The GM piece involves several components aimed at allowing XM to conserve cash. The auto maker is installing XM radios in 25 of its 2003 vehicle lines. GM will defer $115 million in payments that it would receive from XM between 2003 and 2005 under its distribution agreement; GM will in exchange receive $89 million of 10% senior secured discount convertible notes. GM also will provide a $100 million credit facility, and XM can satisfy up to $35 million in future obligations to GM in stock rather than cash. GM will get 10 million common-stock warrants for XM at $3.18 a share.

...XM is nearing 350,000 subscribers, and hopes by the end of 2003 to have 1.2 million subscribers.
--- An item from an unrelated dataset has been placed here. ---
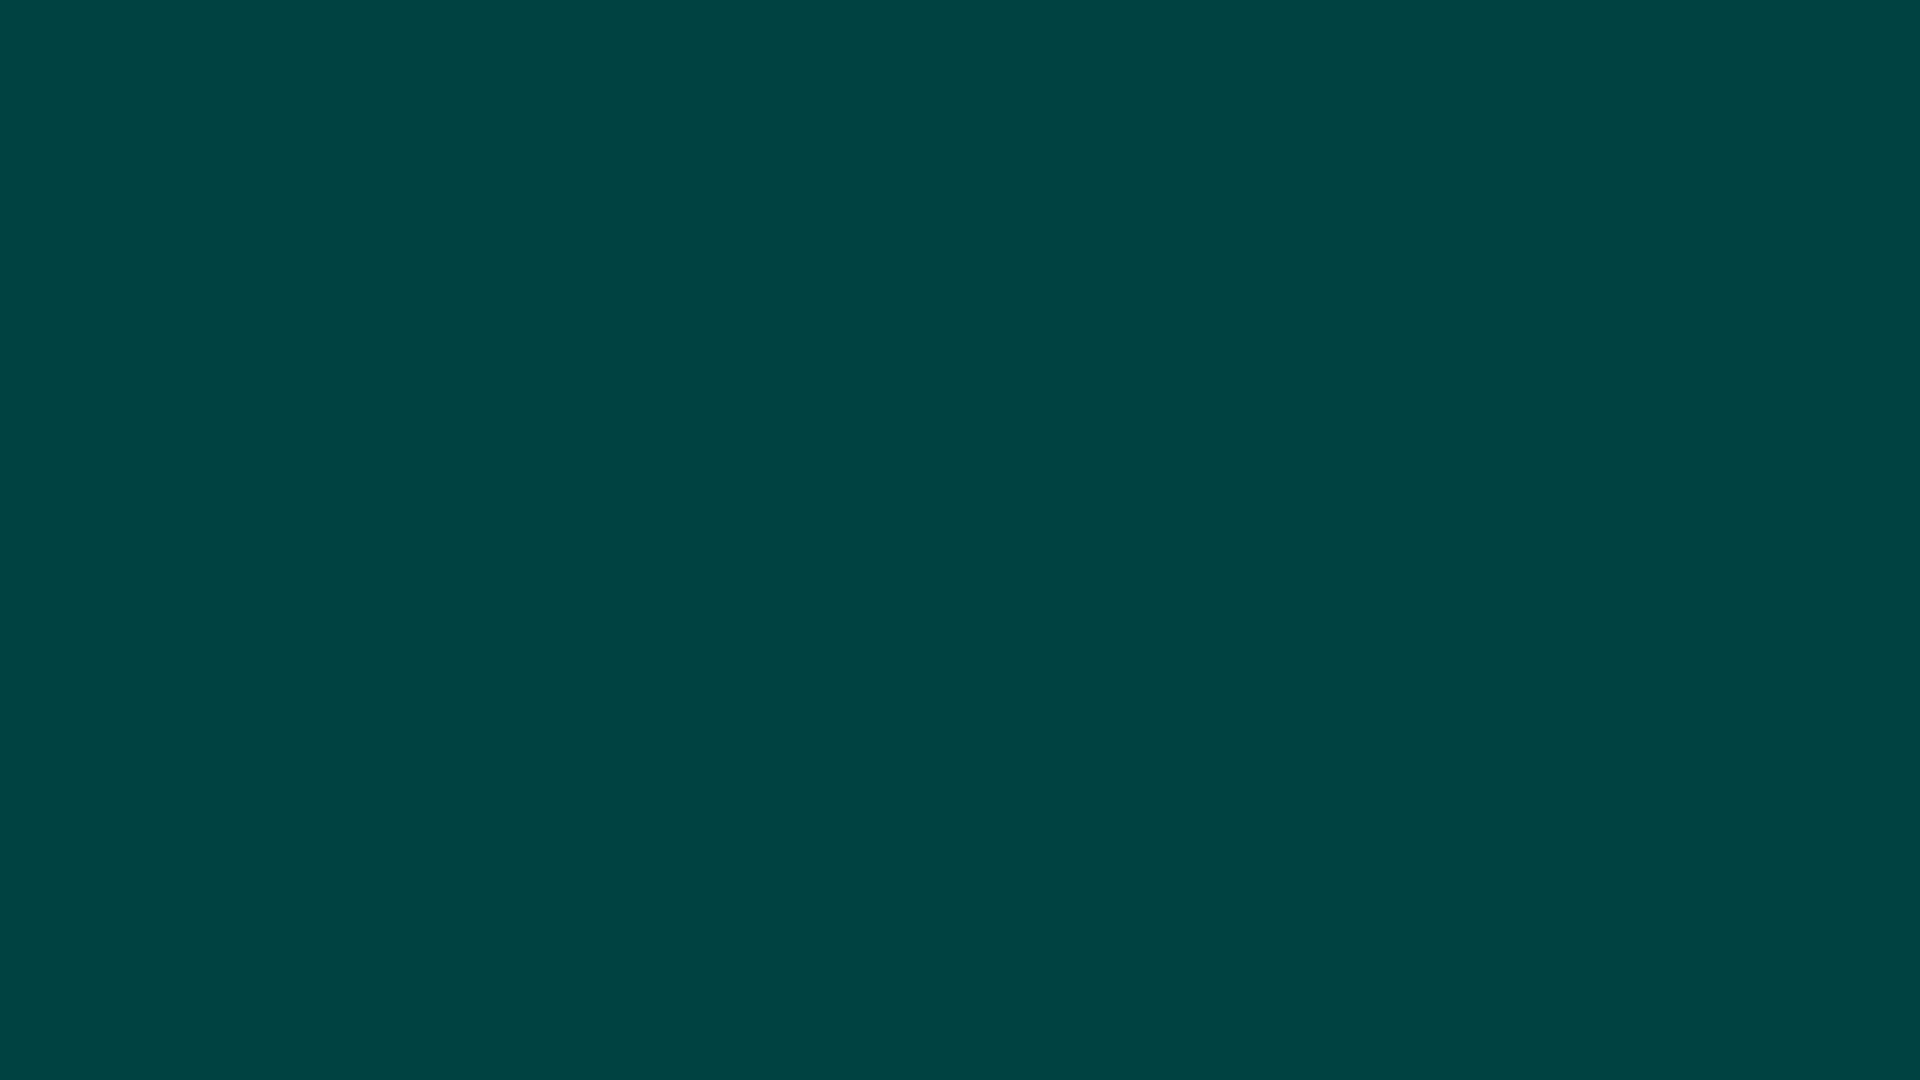 New Wallpaper Color Iphone

Most of the cash from the new funding agreements will be used to pay for sales and marketing efforts to attract new customers.

A natural blab barrier?

Analysts predict that we can probably not spend more than 35 nonwork hours a month on the phone according to this Wall Street Jouranl story (subscription required):

...we're rapidly approaching what the phone companies quietly dread: our natural blab barrier. In other words, we have just about reached the point where we have no more words left to impart.

It's the same kind of feeling you get when you circle an elaborate buffet table. You first think you can eat all that roast beef you took, but inevitably you leave a slab or two on your plate. Market research firm J.D. Power, for instance, reports that the average cellphone user talks 541 minutes per month, less than 40% of the 1,359 minutes available on the average plan. (That usage would roughly average 135 minutes a week, or just under 18 minutes a day, although in real life, usage changes throughout a week.)